Le gouvernement a été très divisé sur le couvre-feu, les alarmistes l’ont emporté. La crainte d’actions judicaires en cas de dérapage d’une épidémie mal gérée y est pour beaucoup. D’ailleurs ça a commencé. Le gouvernement d’Edouard Philippe a-t-il failli dans sa gestion de la crise sanitaire au point de voir sa responsabilité pénale engagée ? C’est la question à laquelle tente de répondre la commission d’instruction de la Cour de justice de la République (CJR) depuis l’ouverture, le 7 juillet, d’une information judiciaire pour abstention de combattre un sinistre. C’est dans le cadre de cette enquête que l’actuel ministre de la santé, Olivier Véran, mais aussi l’ancien premier ministre Edouard Philippe et les ex-membres du gouvernement Agnès Buzyn et Sibeth Ndiaye ont vu leurs domiciles et bureaux perquisitionnés, jeudi matin 15 octobre. Dans le même temps, d’autres perquisitions, conduites par les gendarmes de l’Office central de lutte contre les atteintes à l’environnement et à la santé publique et les policiers de l’Office central de lutte contre la corruption et les infractions financières et fiscales, étaient menées chez le directeur général de la santé, Jérôme Salomon, et la directrice générale de Santé publique France, Geneviève Chêne. Parmi les plaignants figurent notamment des médecins libéraux qui déplorent le retard avec lequel ils ont pu disposer de masques FFP2, alors qu’ils étaient en première ligne dans la lutte contre le virus. Le syndicat CGT pénitentiaire et le syndicat policier Vigi, qui dénoncent les risques auxquels ont été confrontées les professions qu’ils représentent, ont aussi vu leurs plaintes recevables.
De quoi pousser à en faire beaucoup et peut être trop.
Mais il y a un autre problème, c’est le mot couvre- feu lui-même. En France, cela ramène à l’occupation allemande ou aux pires épisodes de la guerre d’Algérie. Le couvre feu est une mesure sécuritaire extrême dirigé contre des populations hostiles. Dans certains pays, ça passe sans problème, mais en France pas facilement. On a même envisagé d’employer, pour ne pas remuer les brulures de l’histoire, le terme de confinement nocturne. Devant le ridicule de l’expression, on a renoncé. Le débat sur une prétendue dictature sanitaire monte en force. Les Français veulent vivre, aller au restaurant, au cinéma et au théâtre, le couvre feu à 21 heures c’est la mort de la vie festive. Certes ce sont les rassemblements privés, les fêtes incontrôlées qui sont visées, mais tout le monde paye pour l’attitude irresponsable de certains.
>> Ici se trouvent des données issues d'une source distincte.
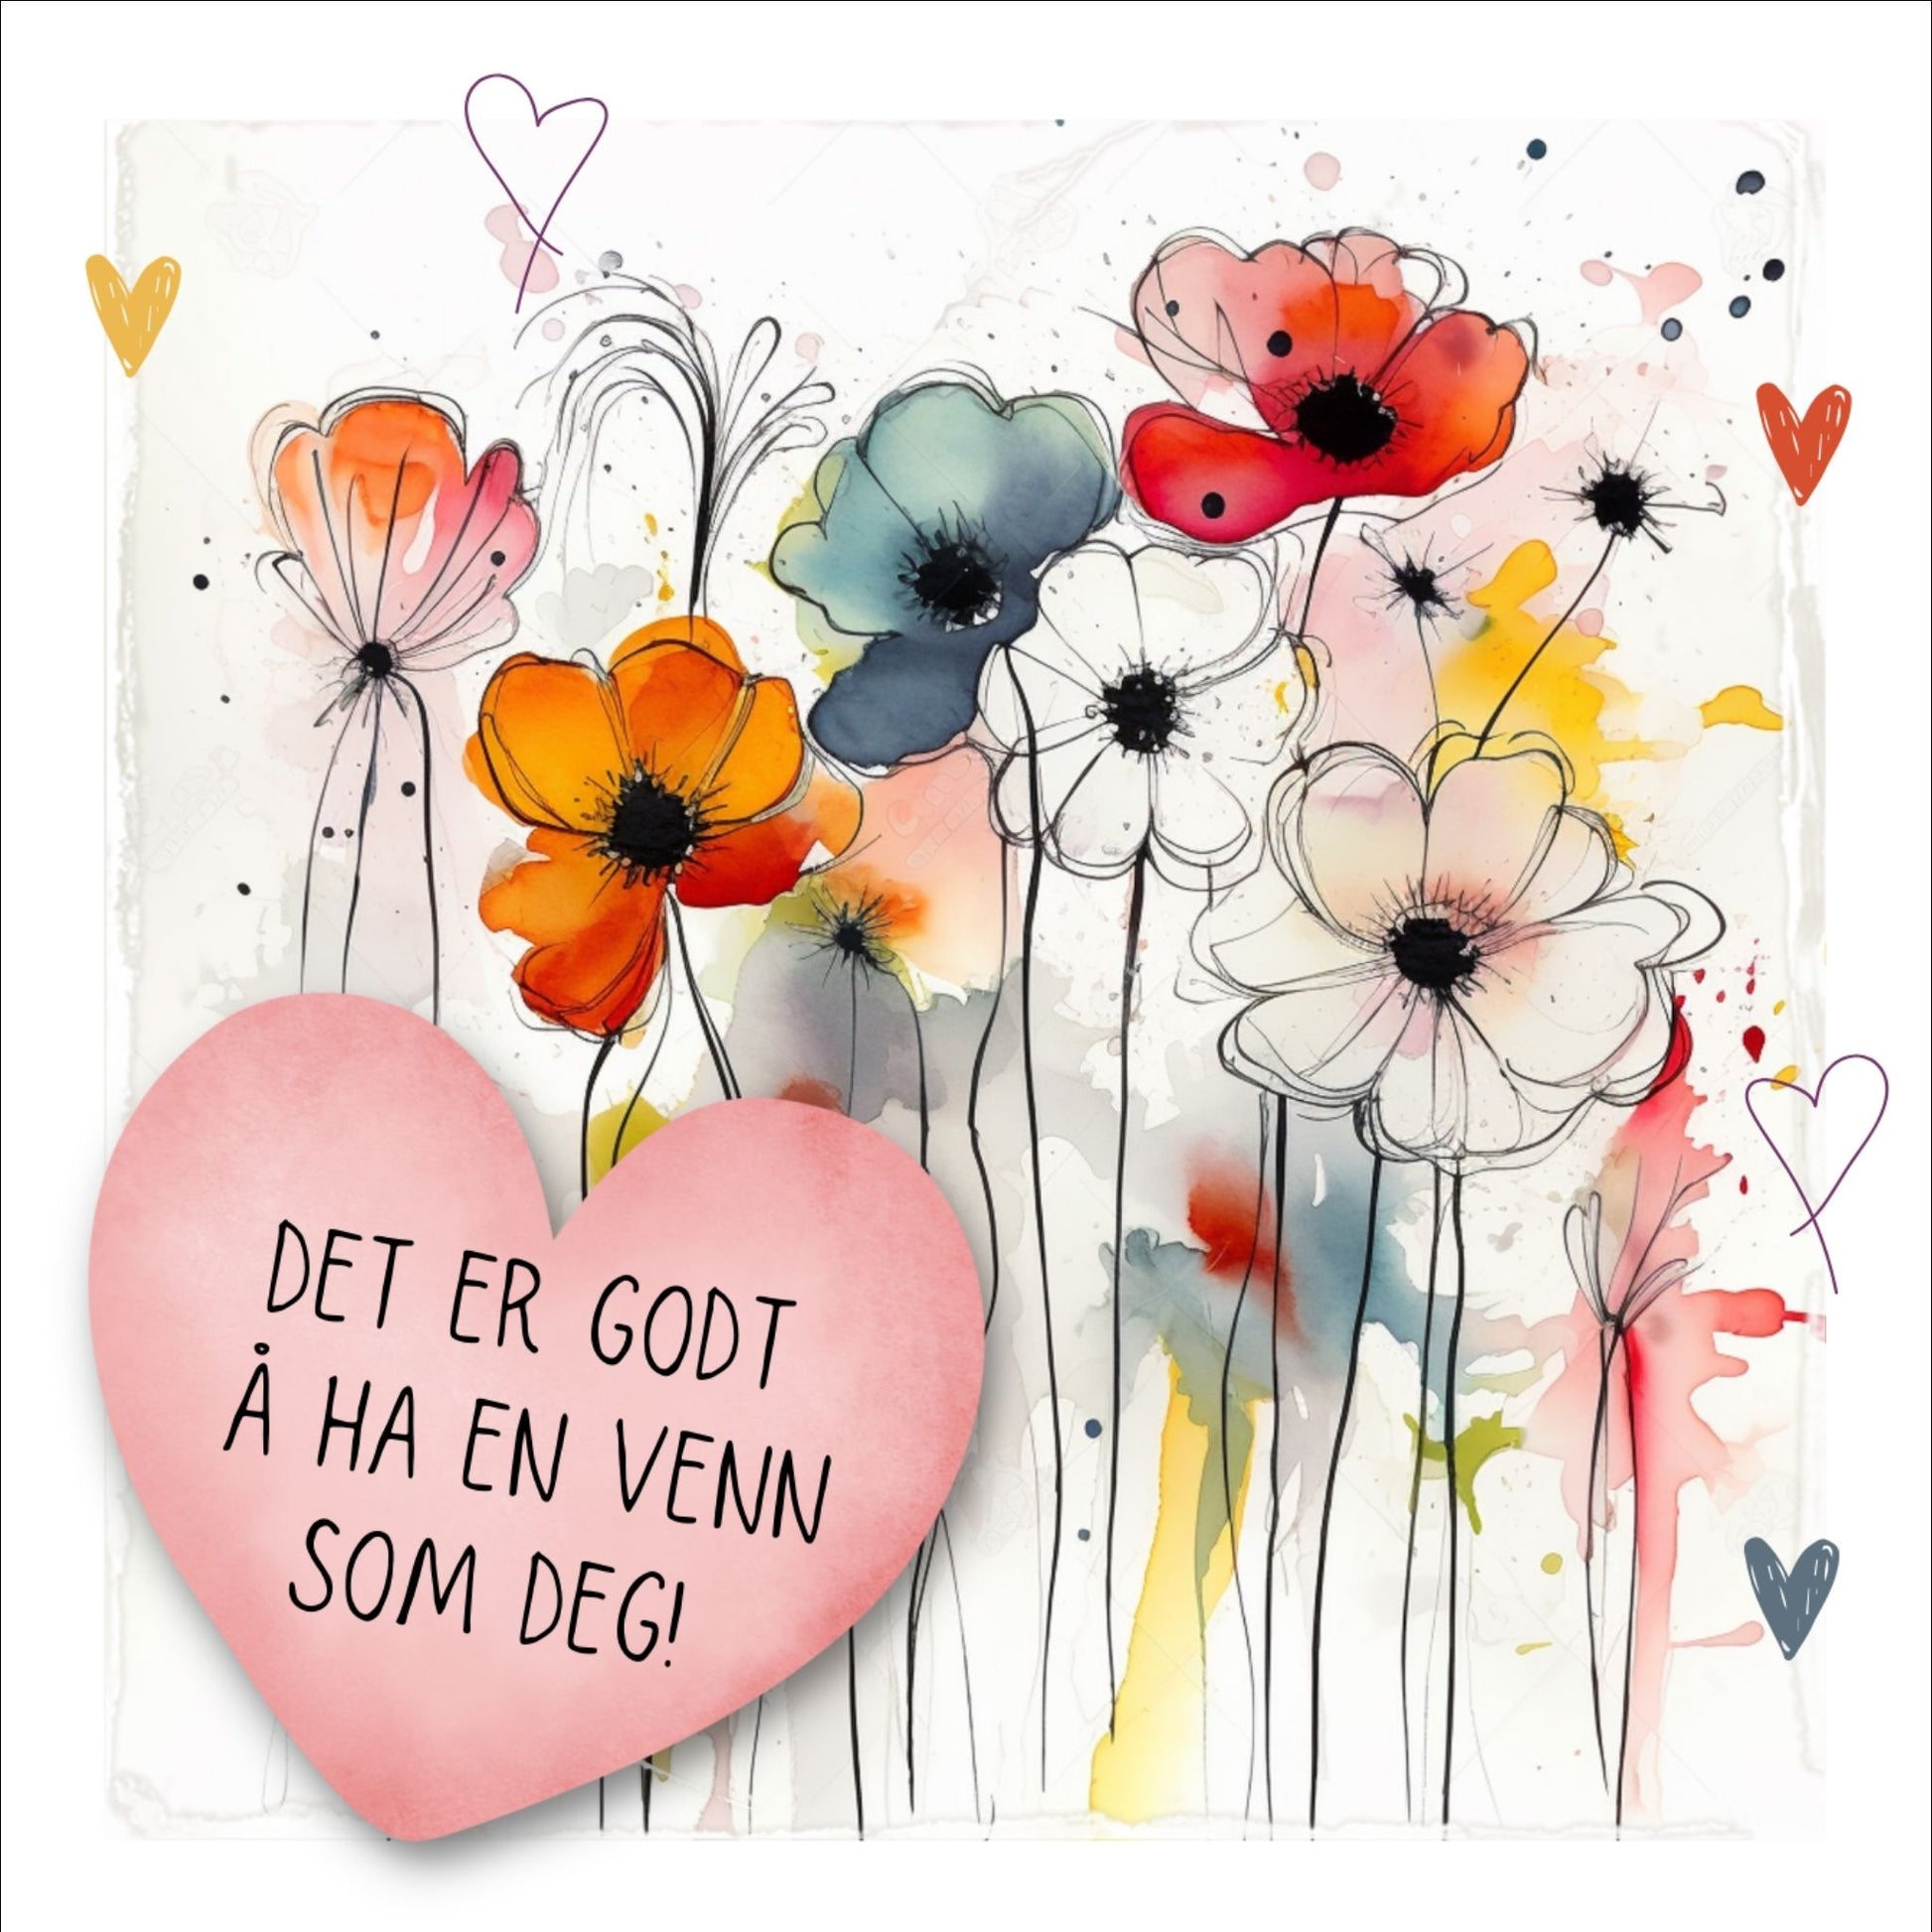 Plakat med rosa hjerte og tekst "Det er godt å ha en venn som deg" - og et motiv med blomster i gul, rød, hvit, blå og oransje. Med hvit kant på 1,5 cm.

La ministre de la Culture, Roselyne Bachelot, a plaidé , dans un entretien au Parisien, pour un assouplissement du couvre-feu au-delà de 21 heures en faveur des cinémas et salles de spectacles, le billet servant alors de justificatif aux spectateurs. «Je suis en contact direct avec les différents acteurs de la culture, du théâtre, du cinéma et de la musique. Il y a un appel très fort venant de leur part pour un assouplissement», déclare la ministre, qui se présente comme «la médiatrice entre le monde de la culture et le gouvernement». Les salles de cinéma et de spectacle voudraient ainsi «considérer que 21 heures, ce n’est pas l’heure à laquelle on doit être chez soi mais, pour ceux qui ont un ticket pour une pièce ou un film, l’heure du départ de la salle», explique-t-elle.
«Cela me paraît plaidable», selon Roselyne Bachelot. «Les gens mettent 30 minutes ou même une heure pour rentrer, le temps qu’il faut, c’est leur billet qui servirait de justificatif», suggère la ministre, assurant que le gouvernement va «examiner cette demande, sous réserve bien sûr de l’évolution de la situation sanitaire».
Jusqu’à quand ces mesures seront-elles acceptées sous la peur de la maladie. Dans certains pays, il y a des révoltes et des manifestations souvent manipulées politiquement. En France ça tient, mais ça commence à craquer. Le pouvoir approuvé dans son action, mais désavoué en tant que tel est dans un paradoxe intenable.